Zero-shot detection, another technique, analyzes text probability distributions without additional training, achieving near 99% accuracy for certain models. Such tools are critical in AI forensics, as models trained on outputs from other systems often inherit distinctive vocabulary and phrasing, acting as digital fingerprints.
These findings have fueled speculation that DeepSeek relied on Gemini’s outputs to enhance R1-0528’s capabilities, though no definitive proof has been confirmed.
DeepSeek’s Performance Leap
Despite the controversy, R1-0528 demonstrates remarkable improvements over its predecessor.
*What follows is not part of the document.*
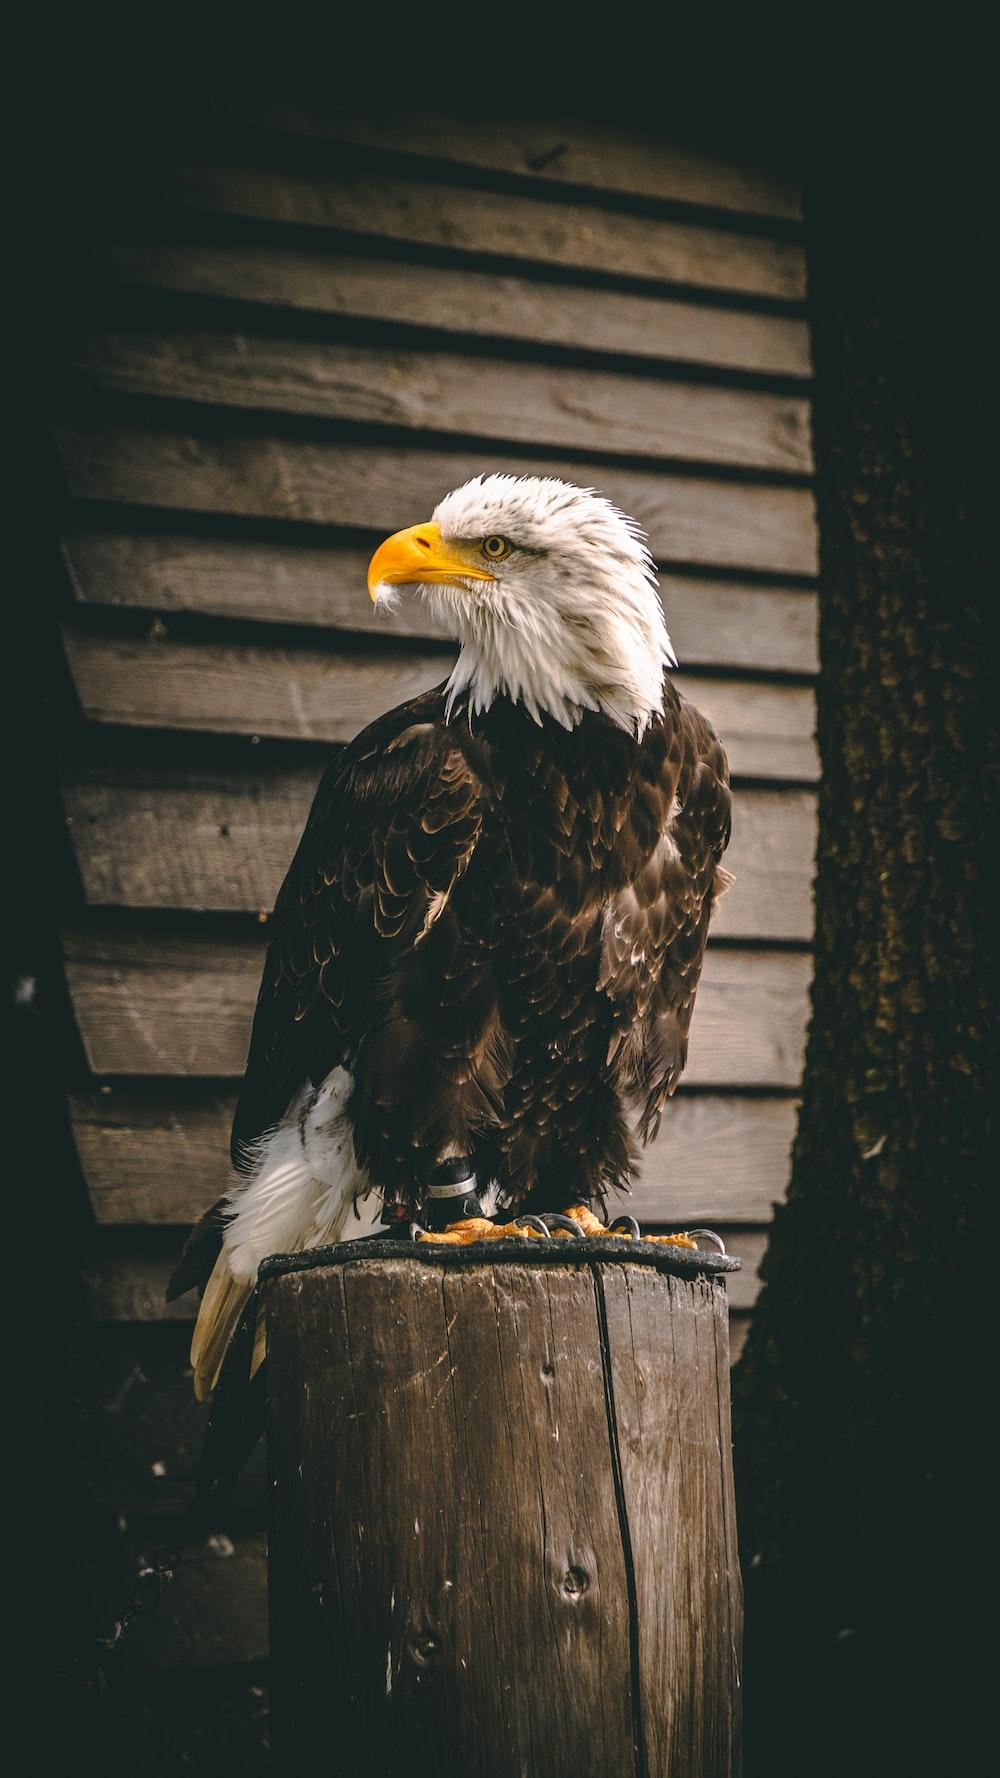 Eagle Wallpapers Free Hd Download 500 Hq Unsplash

On the AIME 2025 mathematics test, it achieved 87.5% accuracy, up from 70%, and scored 91.4% on AIME 2024.
Its programming capabilities also advanced, with LiveCodeBench scores rising from 63.5% to 73.3% and SWE Verified evaluation improving from 49.2% to 57.6%. General reasoning saw gains on the GPQA-Diamond test, climbing from 71.5% to 81.0%, while performance on the complex “Humanity’s Last Exam” more than doubled from 8.5% to 17.7%.
The model also reduces hallucinations and factually inaccurate responses and introduces support for JSON output and enhanced function calling, making it more developer-friendly.
Did You Know?
DeepSeek trained its earlier V3 model for just $6 million, a fraction of the $100 million spent on OpenAI’s GPT-4, showcasing its ability to achieve high performance with limited resources.
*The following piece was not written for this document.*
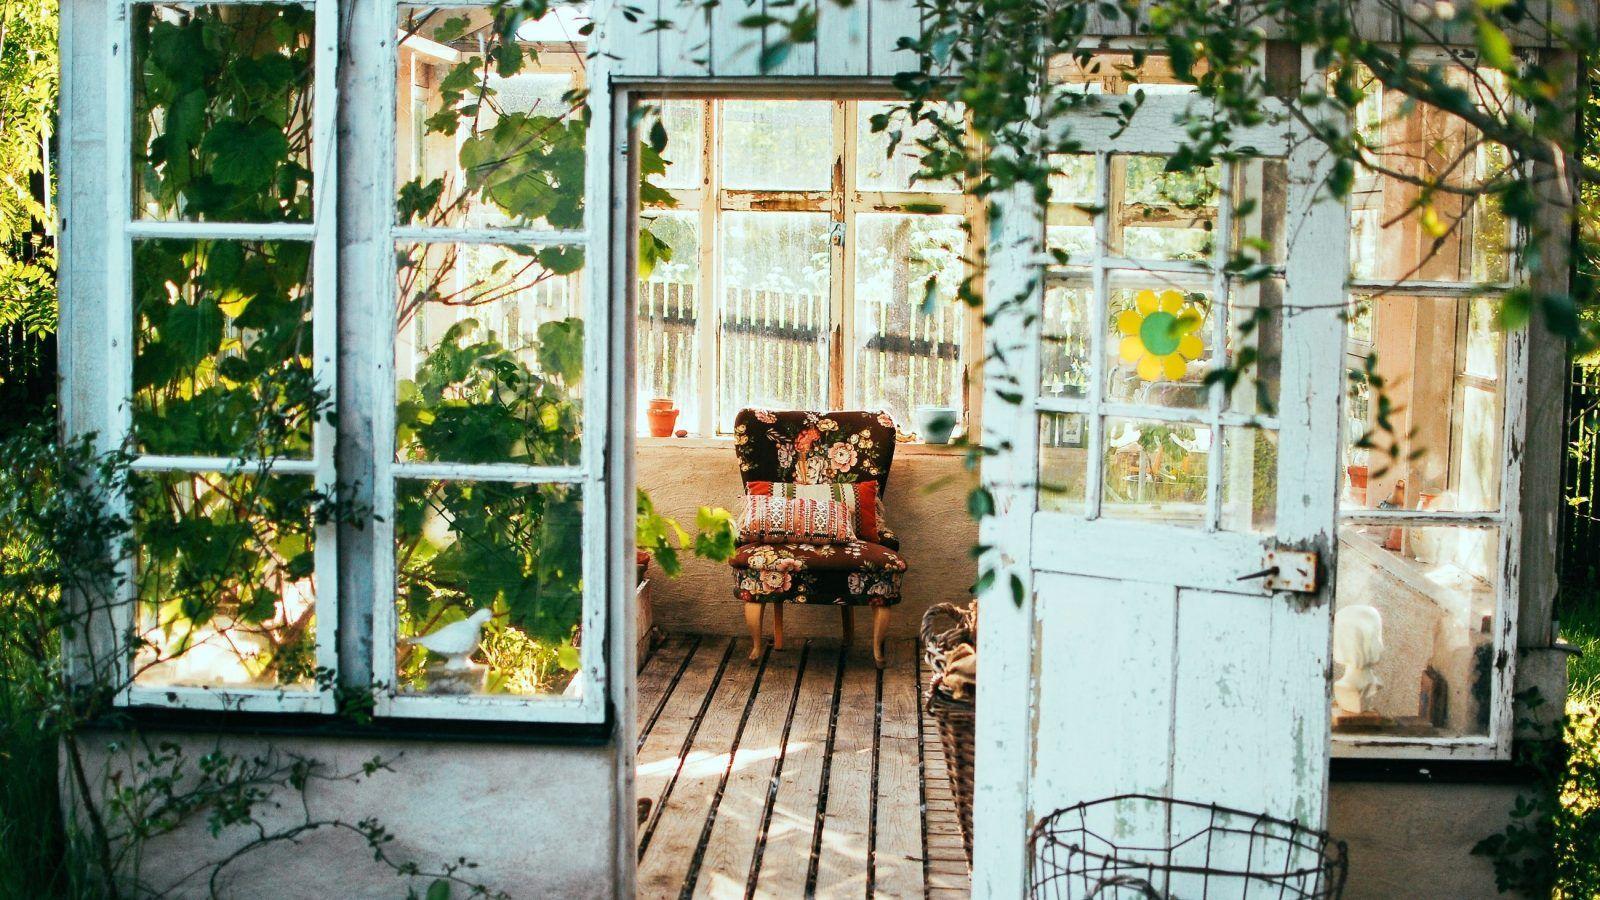 Feng Shui voor tuin en balkon: hoe pak je dat aan? - Holistik

Industry Implications and DeepSeek’s Silence
The allegations against DeepSeek highlight broader challenges in AI development, particularly around data provenance and intellectual property. The open web, increasingly filled with AI-generated content, complicates efforts to ensure clean training datasets, leading to unintended overlaps in model outputs.
Major AI firms like OpenAI and Google have responded by tightening security, with OpenAI requiring ID verification for advanced model access and Google limiting third-party use of Gemini outputs.
DeepSeek has not publicly addressed the Gemini allegations, consistent with its past silence on similar claims involving OpenAI data. Experts in the field believe that DeepSeek's lack of resources and difficulty in getting powerful GPUs because of U.S. export rules might lead it to depend on synthetic data from top models, which is a cheaper way to compete with larger companies.